IL‑12 p70 in Human PBMCs.
IL‑12 p70 was detected in immersion fixed human peripheral blood mononuclear cells (PBMCs) using Mouse Anti-Human IL‑12 p70 Monoclonal Antibody (Catalog # MAB611) at 10 µg/mL for 3 hours at room temperature. Cells were stained using the NorthernLights™ 557-conjugated Anti-Mouse IgG Secondary Antibody (red; Catalog # NL007) and counterstained with DAPI (blue).

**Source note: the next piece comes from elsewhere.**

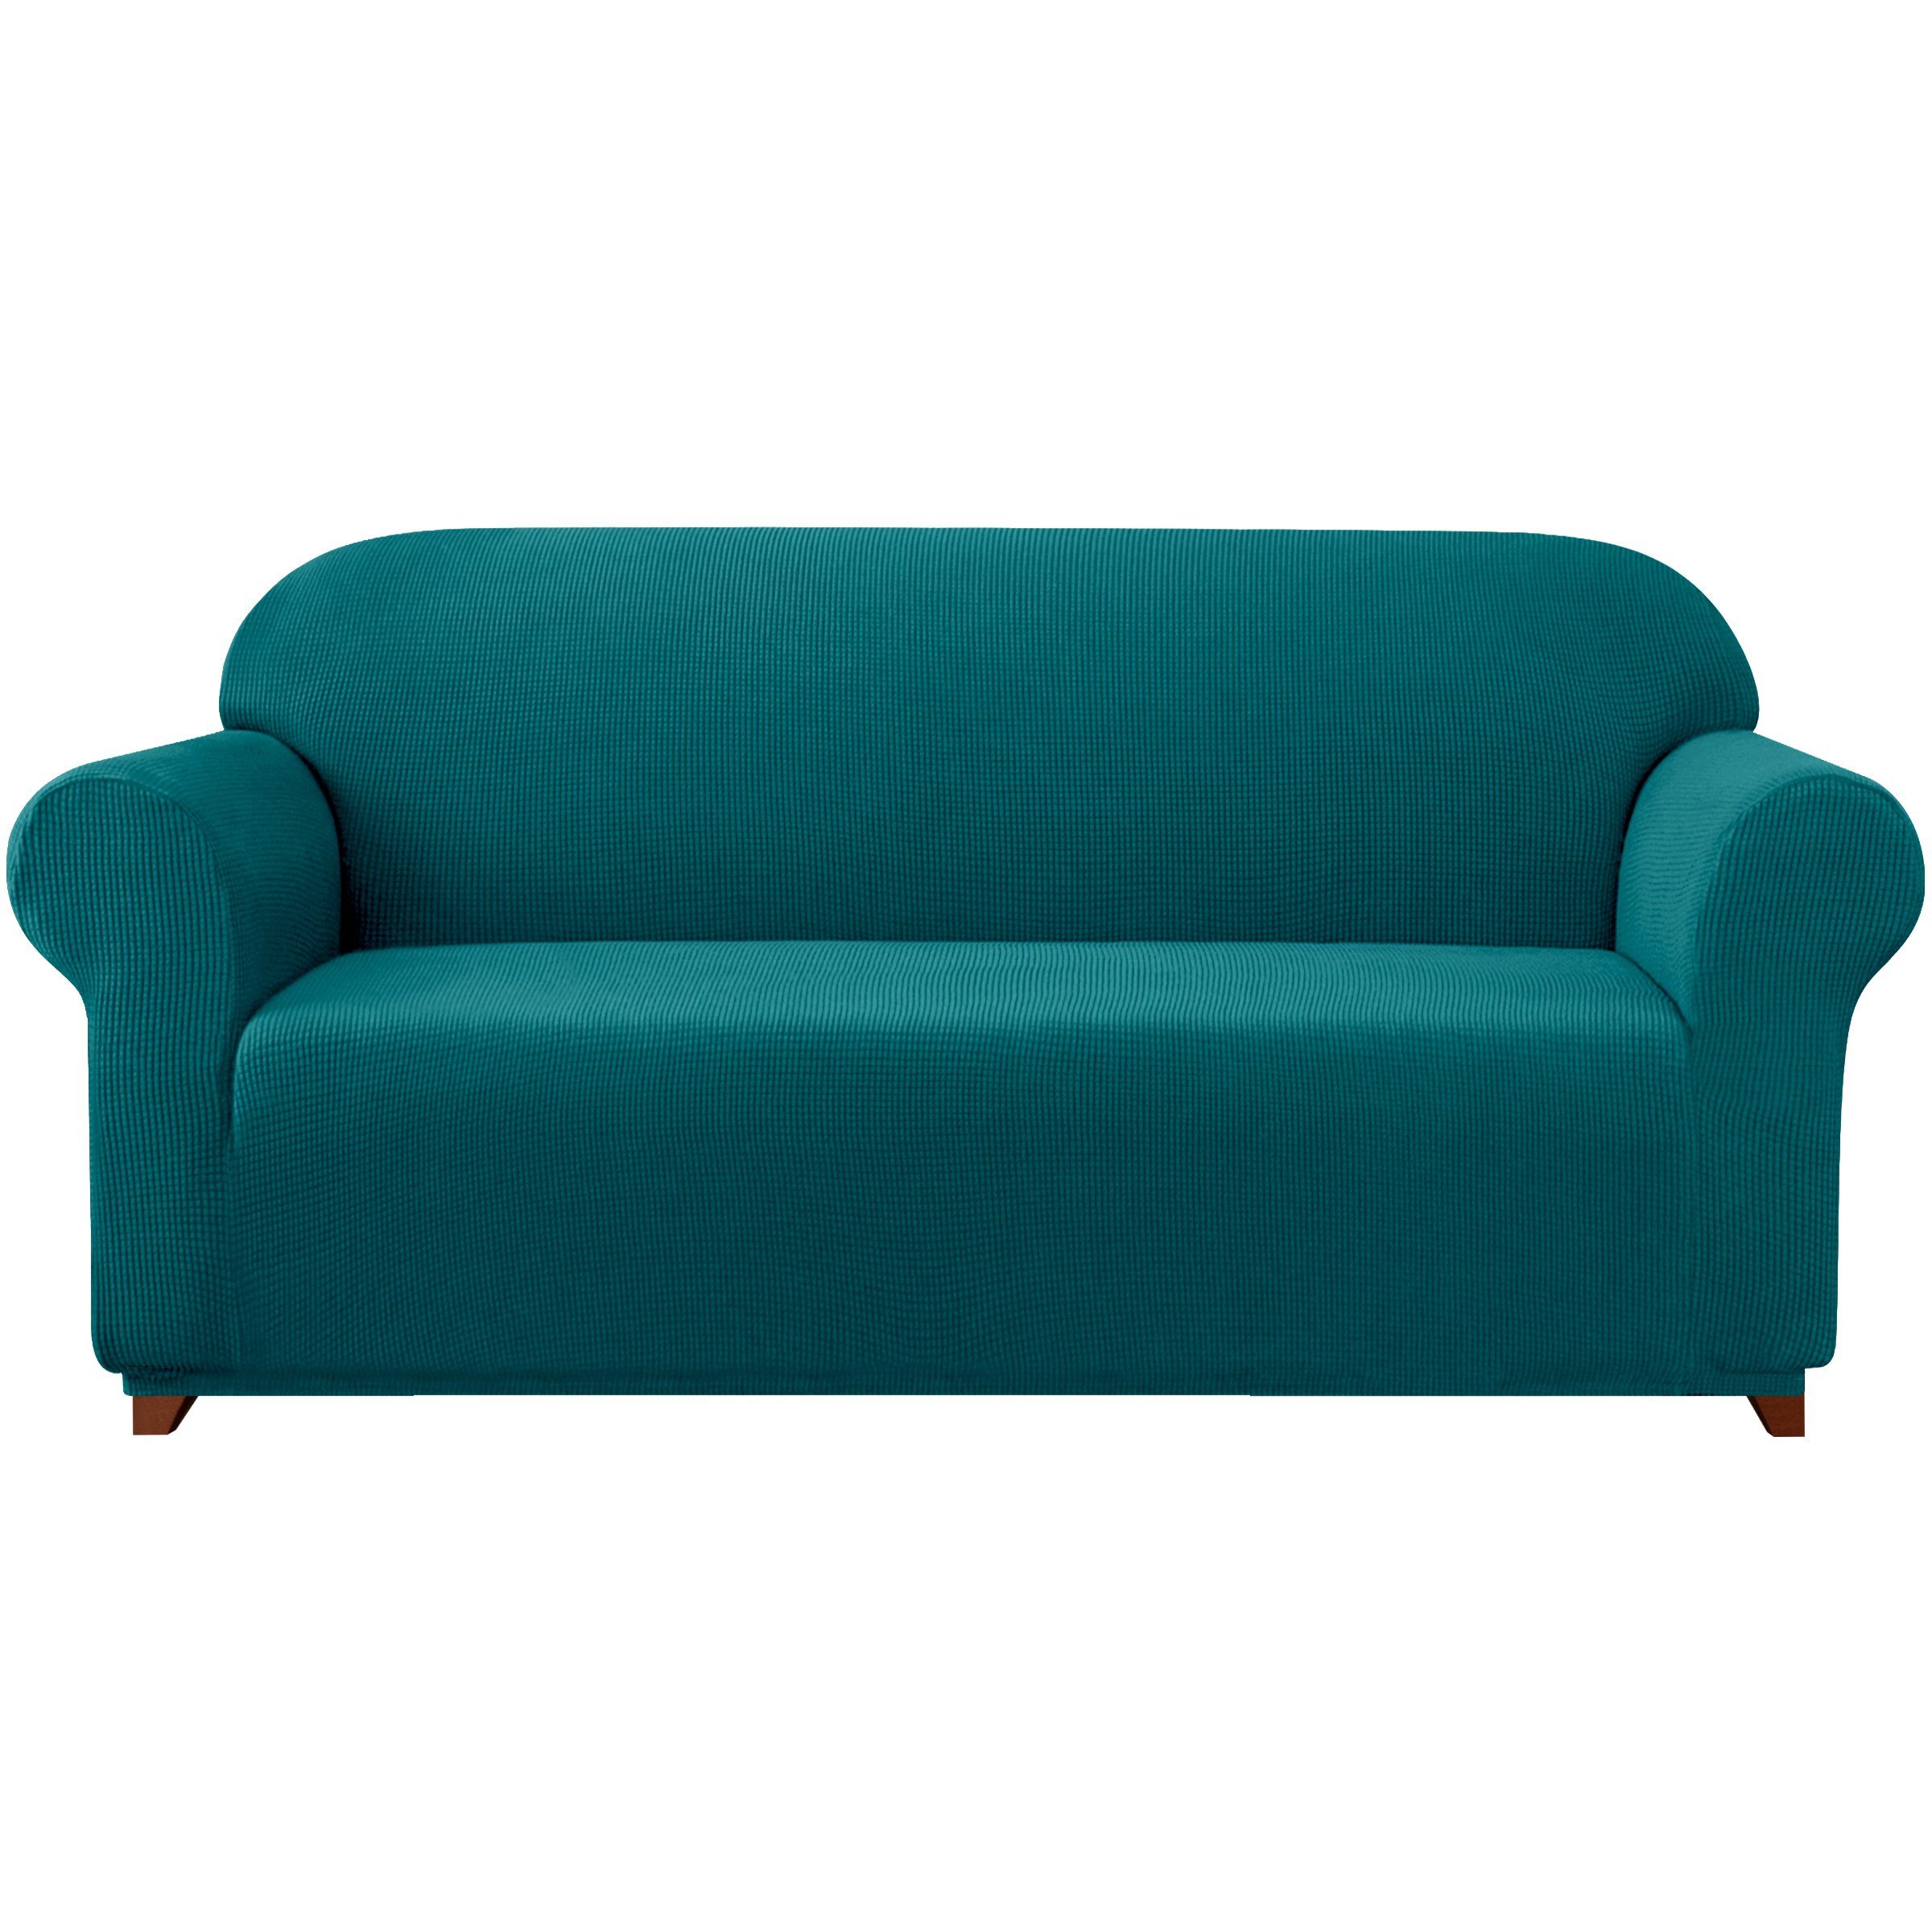 Sofahusse 2/3/4 Sitzer Sofabezug, SUBRTEX, mit dezentem Muster Blaugrün

View our protocol for Fluorescent ICC Staining of Non-adherent Cells.
Preparation and Storage
Reconstitute at 0.5 mg/mL in sterile PBS.
Reconstitution Buffer Available
The product is shipped at ambient temperature. Upon receipt, store it immediately at the temperature recommended below. *Small pack size (SP) is shipped with polar packs. Upon receipt, store it immediately at -20 to -70 °C
Stability & Storage
Use a manual defrost freezer and avoid repeated freeze-thaw cycles.
12 months from date of receipt, -20 to -70 °C as supplied.
1 month, 2 to 8 °C under sterile conditions after reconstitution.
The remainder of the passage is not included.